The data
· · · · ·

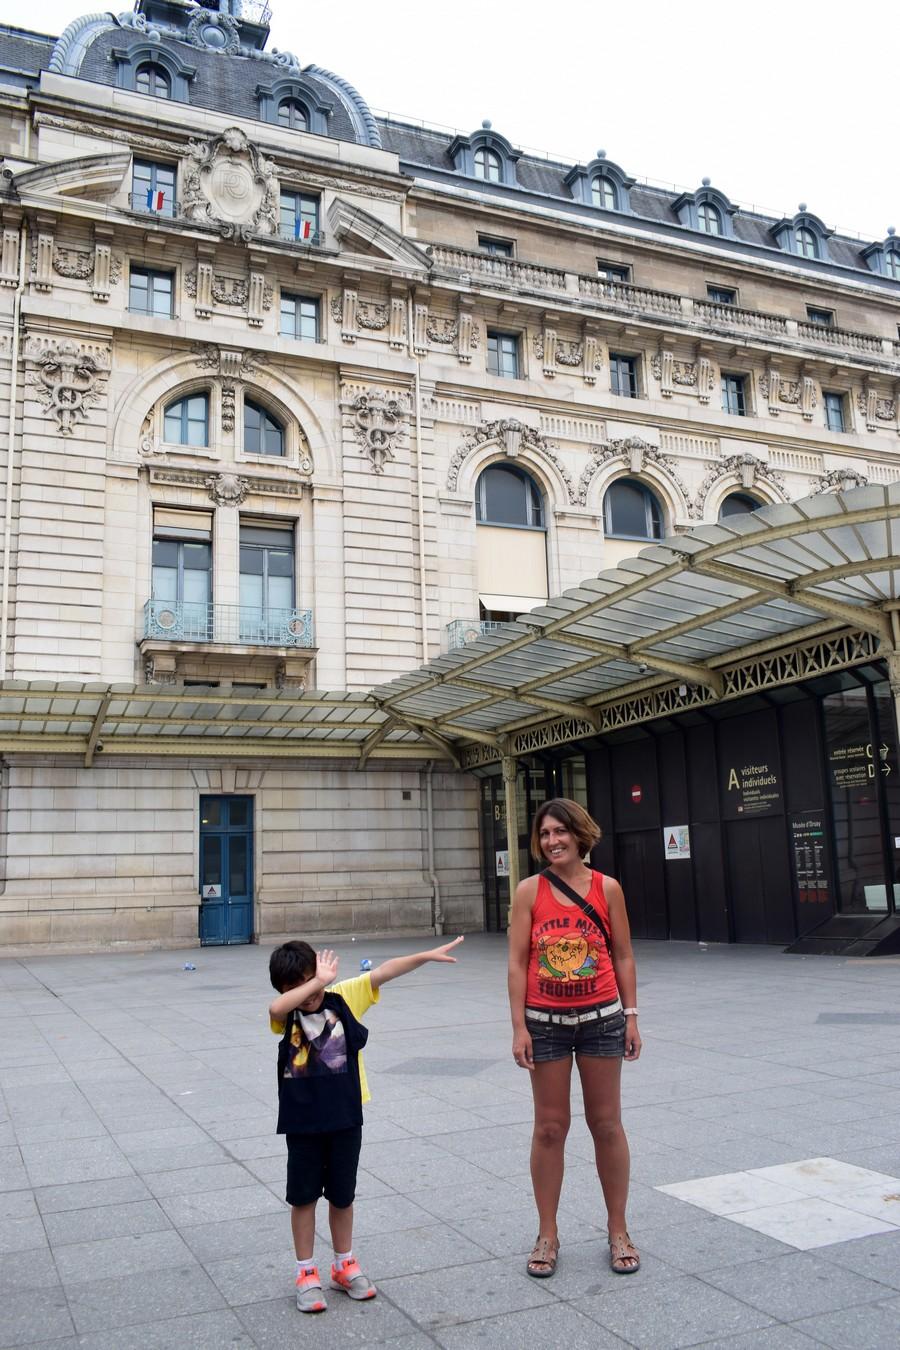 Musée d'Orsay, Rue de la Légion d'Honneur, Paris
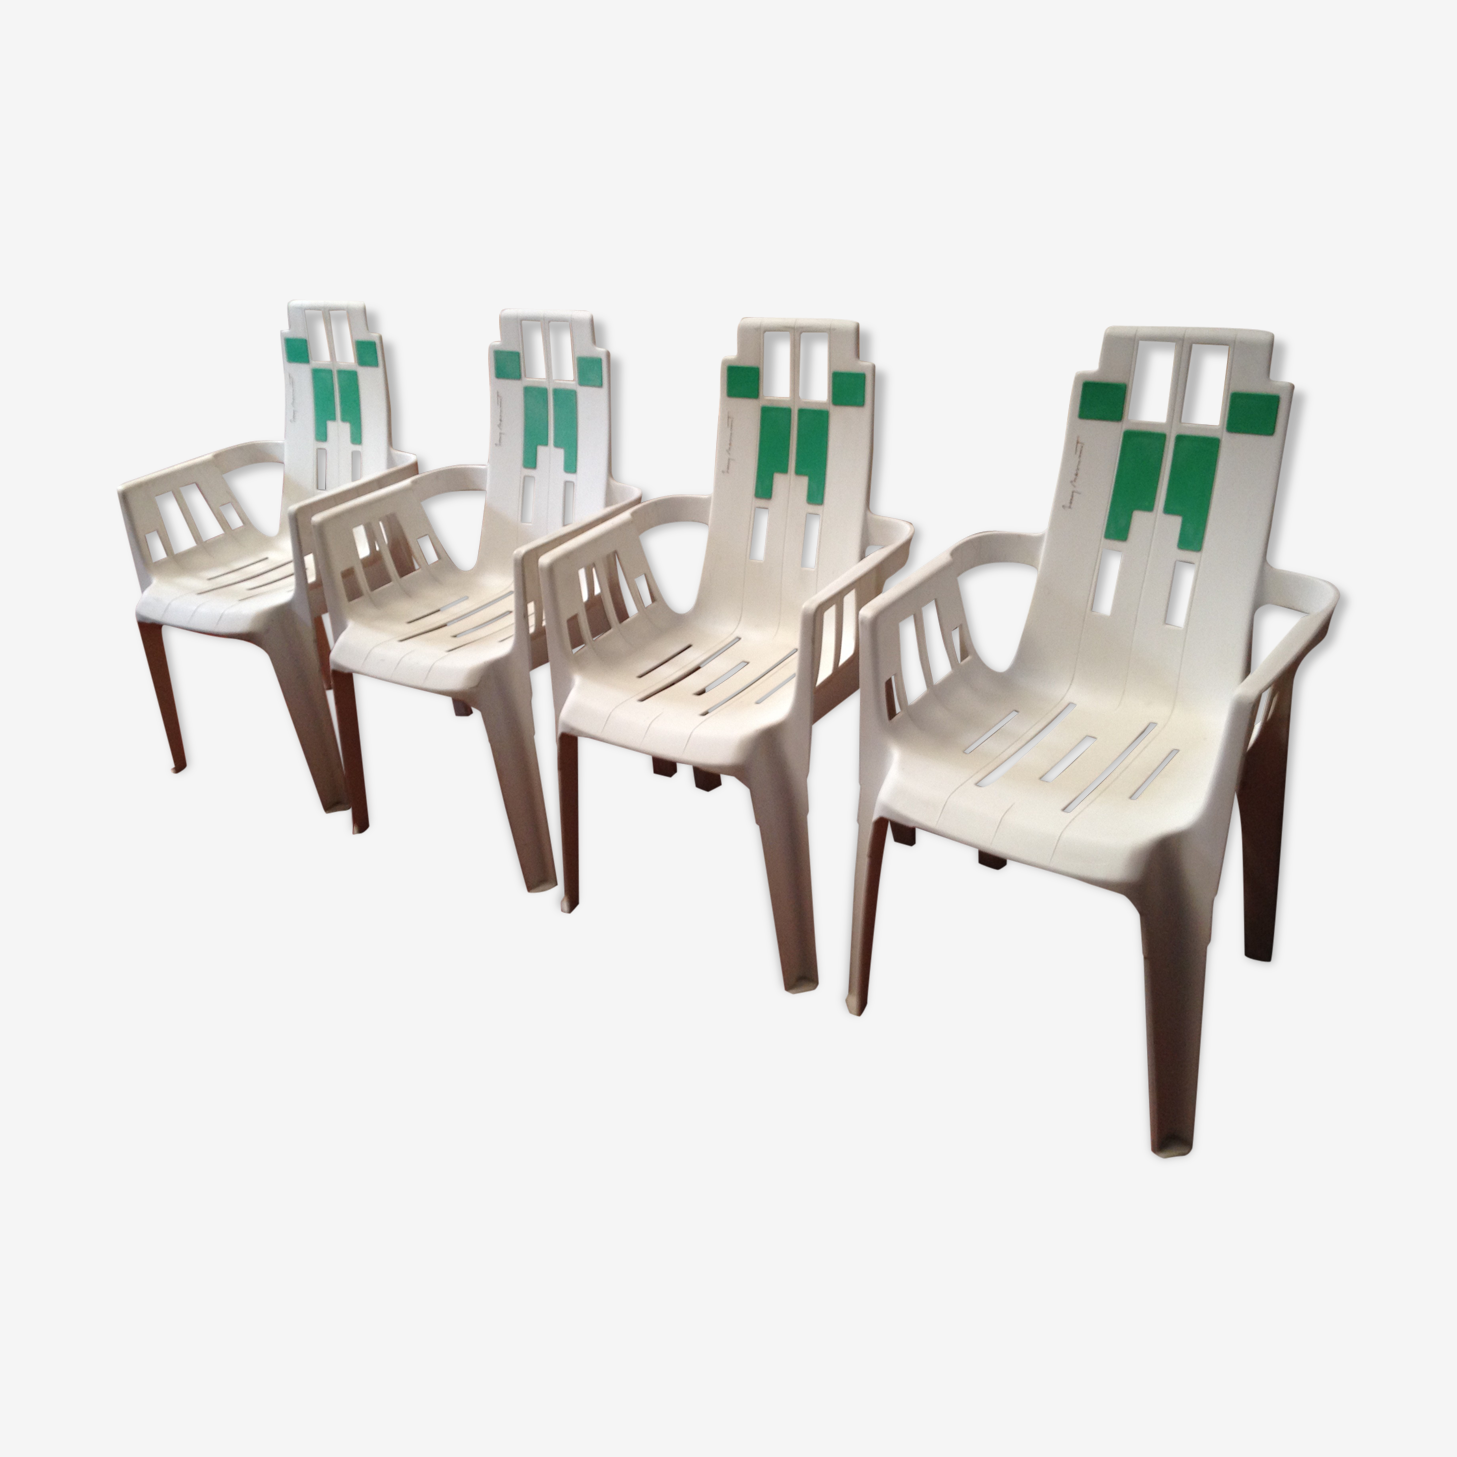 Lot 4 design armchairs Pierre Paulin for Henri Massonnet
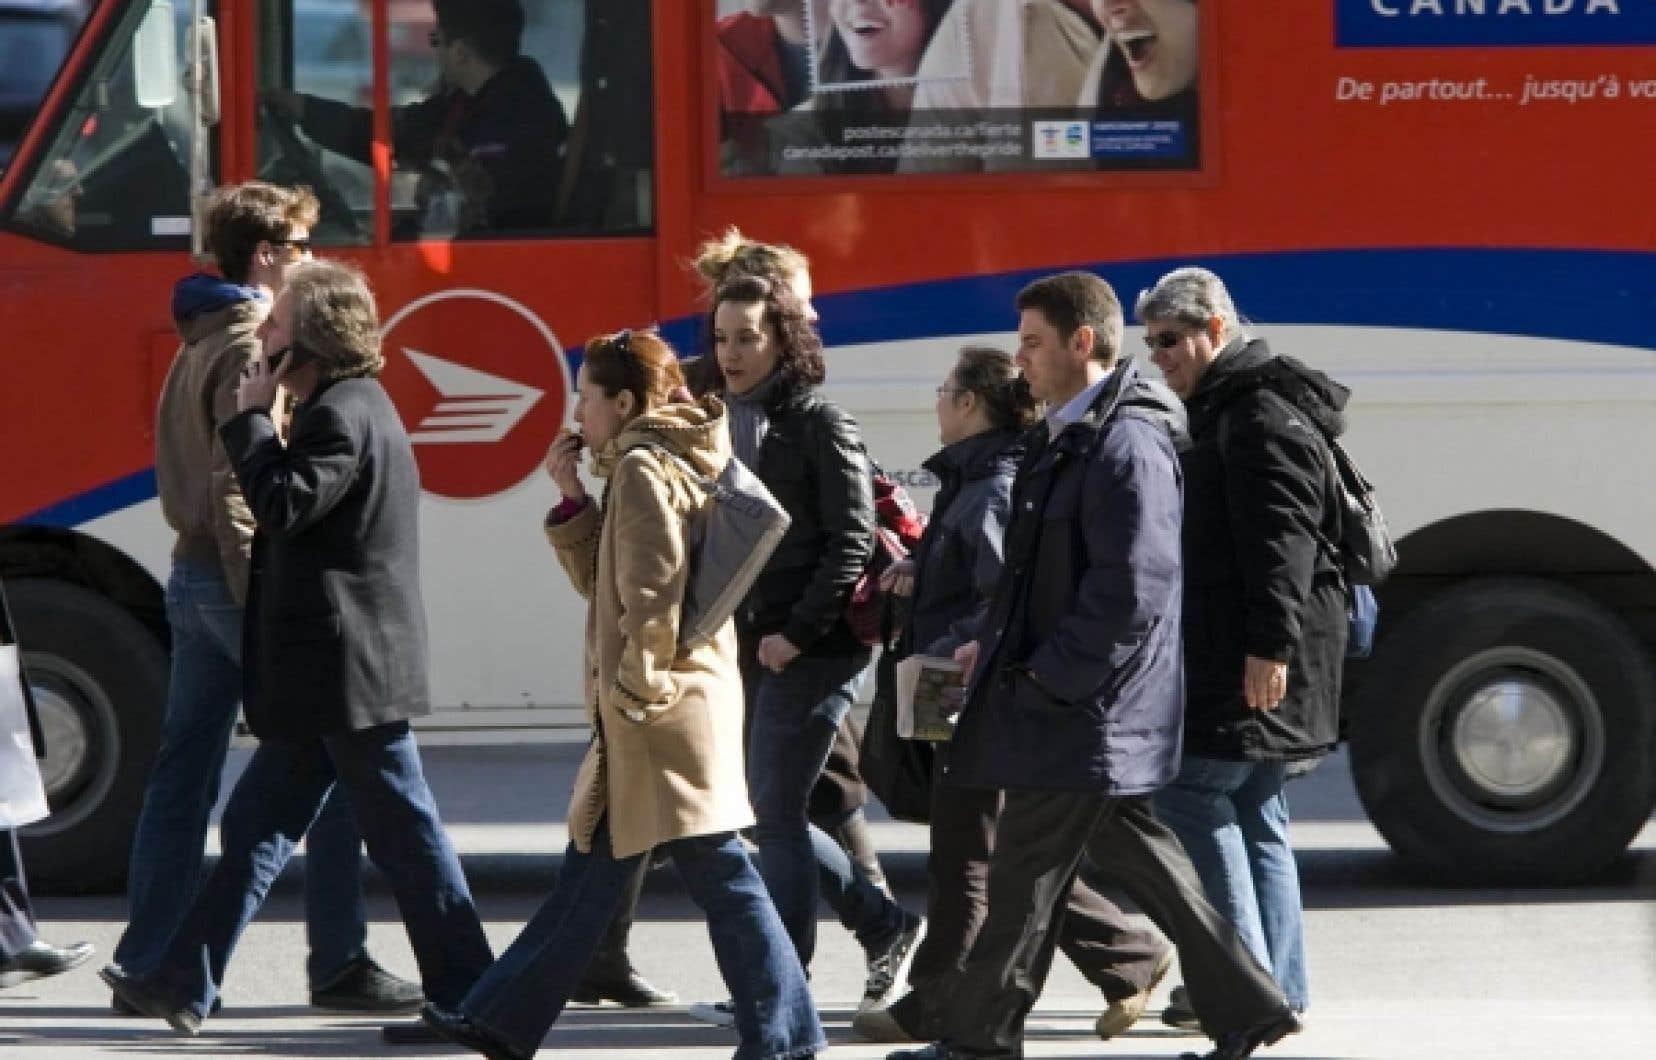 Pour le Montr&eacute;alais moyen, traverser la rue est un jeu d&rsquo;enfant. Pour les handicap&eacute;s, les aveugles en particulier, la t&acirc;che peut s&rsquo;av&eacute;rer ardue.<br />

· · · · ·

Task prompt
The listing should be transcribed in full, exactly, and without its pictures.

Written answer
 Musée d'Orsay, Rue de la Légion d'Honneur, Paris
 Lot 4 design armchairs Pierre Paulin for Henri Massonnet
 Pour le Montr&eacute;alais moyen, traverser la rue est un jeu d&rsquo;enfant. Pour les handicap&eacute;s, les aveugles en particulier, la t&acirc;che peut s&rsquo;av&eacute;rer ardue.<br />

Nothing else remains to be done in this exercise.